Two 17th century printers in Brussels

Jan Mommaert was the name of two 17th-century printers in Brussels, father (active 1585–1627) and son (active 1646–1669). Between the dates of their activity, Martine van Straeten operated a printing house under the name Widow of Jan Mommaert.

==Jan (I) Mommaert==
The elder Mommaert began his printing business in Brussels in 1585, his first known publication being the terms of the city's surrender to Alexander Farnese, Duke of Parma: Articulen ende conditien vanden tractate aengegaen ende ghesloten tusschen die Prince van Parma ende de stadt van Bruessele.

In 1594 he printed a brief but richly illustrated account of the festive reception in Brussels of the new governor general, Archduke Ernest of Austria: Descriptio et explicatio pegmatum, arcuum et spectaculorum, quae Bruxellae Brabantiae pridie calendas februarii anno MDXCIIII exhibita fuere, sub ingressum serenissimi principis Ernesti (available on Google Books).

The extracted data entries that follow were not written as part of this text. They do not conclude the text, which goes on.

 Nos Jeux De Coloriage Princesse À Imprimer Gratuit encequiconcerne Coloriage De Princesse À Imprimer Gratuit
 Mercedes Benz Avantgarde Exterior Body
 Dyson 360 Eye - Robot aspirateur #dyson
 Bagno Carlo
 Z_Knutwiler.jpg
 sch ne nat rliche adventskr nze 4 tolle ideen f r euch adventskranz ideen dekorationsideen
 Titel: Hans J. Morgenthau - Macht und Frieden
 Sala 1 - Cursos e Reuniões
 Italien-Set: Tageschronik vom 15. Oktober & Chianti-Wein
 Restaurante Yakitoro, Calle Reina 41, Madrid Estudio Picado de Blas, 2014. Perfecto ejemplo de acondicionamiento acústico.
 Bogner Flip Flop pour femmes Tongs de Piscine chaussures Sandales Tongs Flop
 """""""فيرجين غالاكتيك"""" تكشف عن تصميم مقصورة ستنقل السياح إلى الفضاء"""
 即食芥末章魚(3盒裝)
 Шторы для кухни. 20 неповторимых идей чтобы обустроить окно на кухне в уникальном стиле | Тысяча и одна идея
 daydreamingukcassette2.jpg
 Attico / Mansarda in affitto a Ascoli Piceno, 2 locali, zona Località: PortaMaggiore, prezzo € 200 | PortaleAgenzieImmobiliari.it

His shop was called simply De Druckerye ("The printing shop") and stood in the Stoofstraat behind Brussels Town Hall. Much of his printing was of the decrees of the city council.

His printing mark was a hooded falcon with the motto Post tenebras spero lucem (After darkness I hope for light).

==Widow of Jan Mommaert==
After Jan Mommaert the elder's death, probably in 1627, Martine van Straeten continued the family business under the name "Widow of Jan Mommaert". In 1631 she was in trouble with the authorities for publishing papal bulls without government permission, but she was pardoned on 16 September 1631.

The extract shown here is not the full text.